• Work instruction:
Output every record word for word.

• Input material:
◆ ◆ ◆ ◆ ◆ ◆ ◆
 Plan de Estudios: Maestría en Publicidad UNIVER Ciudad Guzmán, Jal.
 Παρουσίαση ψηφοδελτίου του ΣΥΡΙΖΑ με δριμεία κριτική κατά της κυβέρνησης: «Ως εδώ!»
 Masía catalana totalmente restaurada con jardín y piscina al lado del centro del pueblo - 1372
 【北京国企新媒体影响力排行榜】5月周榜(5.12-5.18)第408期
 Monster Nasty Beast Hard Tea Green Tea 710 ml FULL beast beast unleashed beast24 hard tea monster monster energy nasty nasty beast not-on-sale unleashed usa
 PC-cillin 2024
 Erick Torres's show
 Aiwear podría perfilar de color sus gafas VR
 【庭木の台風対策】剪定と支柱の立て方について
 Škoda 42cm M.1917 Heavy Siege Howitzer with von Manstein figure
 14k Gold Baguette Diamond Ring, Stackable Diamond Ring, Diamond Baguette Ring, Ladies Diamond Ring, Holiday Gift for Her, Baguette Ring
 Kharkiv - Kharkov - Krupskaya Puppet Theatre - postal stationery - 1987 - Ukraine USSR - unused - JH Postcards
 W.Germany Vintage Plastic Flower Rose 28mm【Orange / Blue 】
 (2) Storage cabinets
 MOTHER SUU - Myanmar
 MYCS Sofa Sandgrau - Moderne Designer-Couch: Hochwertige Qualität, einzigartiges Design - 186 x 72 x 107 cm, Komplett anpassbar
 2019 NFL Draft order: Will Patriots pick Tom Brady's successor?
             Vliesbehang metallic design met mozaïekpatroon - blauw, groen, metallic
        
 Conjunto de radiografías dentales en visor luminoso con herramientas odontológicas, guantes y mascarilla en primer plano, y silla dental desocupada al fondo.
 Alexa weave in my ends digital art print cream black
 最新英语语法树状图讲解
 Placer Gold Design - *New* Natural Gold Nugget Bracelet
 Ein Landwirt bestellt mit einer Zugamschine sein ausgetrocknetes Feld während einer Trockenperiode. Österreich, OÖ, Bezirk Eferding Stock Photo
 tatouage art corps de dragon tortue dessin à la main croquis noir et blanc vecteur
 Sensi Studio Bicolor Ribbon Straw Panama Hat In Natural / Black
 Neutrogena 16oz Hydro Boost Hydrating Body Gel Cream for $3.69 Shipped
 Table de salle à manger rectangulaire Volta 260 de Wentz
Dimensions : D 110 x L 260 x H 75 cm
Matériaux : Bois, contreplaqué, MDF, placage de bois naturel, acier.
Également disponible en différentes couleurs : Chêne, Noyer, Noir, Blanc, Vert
◆ ◆ ◆ ◆ ◆ ◆ ◆
• Task solution:
 Plan de Estudios: Maestría en Publicidad UNIVER Ciudad Guzmán, Jal.
 Παρουσίαση ψηφοδελτίου του ΣΥΡΙΖΑ με δριμεία κριτική κατά της κυβέρνησης: «Ως εδώ!»
 Masía catalana totalmente restaurada con jardín y piscina al lado del centro del pueblo - 1372
 【北京国企新媒体影响力排行榜】5月周榜(5.12-5.18)第408期
 Monster Nasty Beast Hard Tea Green Tea 710 ml FULL beast beast unleashed beast24 hard tea monster monster energy nasty nasty beast not-on-sale unleashed usa
 PC-cillin 2024
 Erick Torres's show
 Aiwear podría perfilar de color sus gafas VR
 【庭木の台風対策】剪定と支柱の立て方について
 Škoda 42cm M.1917 Heavy Siege Howitzer with von Manstein figure
 14k Gold Baguette Diamond Ring, Stackable Diamond Ring, Diamond Baguette Ring, Ladies Diamond Ring, Holiday Gift for Her, Baguette Ring
 Kharkiv - Kharkov - Krupskaya Puppet Theatre - postal stationery - 1987 - Ukraine USSR - unused - JH Postcards
 W.Germany Vintage Plastic Flower Rose 28mm【Orange / Blue 】
 (2) Storage cabinets
 MOTHER SUU - Myanmar
 MYCS Sofa Sandgrau - Moderne Designer-Couch: Hochwertige Qualität, einzigartiges Design - 186 x 72 x 107 cm, Komplett anpassbar
 2019 NFL Draft order: Will Patriots pick Tom Brady's successor?
             Vliesbehang metallic design met mozaïekpatroon - blauw, groen, metallic
        
 Conjunto de radiografías dentales en visor luminoso con herramientas odontológicas, guantes y mascarilla en primer plano, y silla dental desocupada al fondo.
 Alexa weave in my ends digital art print cream black
 最新英语语法树状图讲解
 Placer Gold Design - *New* Natural Gold Nugget Bracelet
 Ein Landwirt bestellt mit einer Zugamschine sein ausgetrocknetes Feld während einer Trockenperiode. Österreich, OÖ, Bezirk Eferding Stock Photo
 tatouage art corps de dragon tortue dessin à la main croquis noir et blanc vecteur
 Sensi Studio Bicolor Ribbon Straw Panama Hat In Natural / Black
 Neutrogena 16oz Hydro Boost Hydrating Body Gel Cream for $3.69 Shipped
 Table de salle à manger rectangulaire Volta 260 de Wentz
Dimensions : D 110 x L 260 x H 75 cm
Matériaux : Bois, contreplaqué, MDF, placage de bois naturel, acier.
Également disponible en différentes couleurs : Chêne, Noyer, Noir, Blanc, Vert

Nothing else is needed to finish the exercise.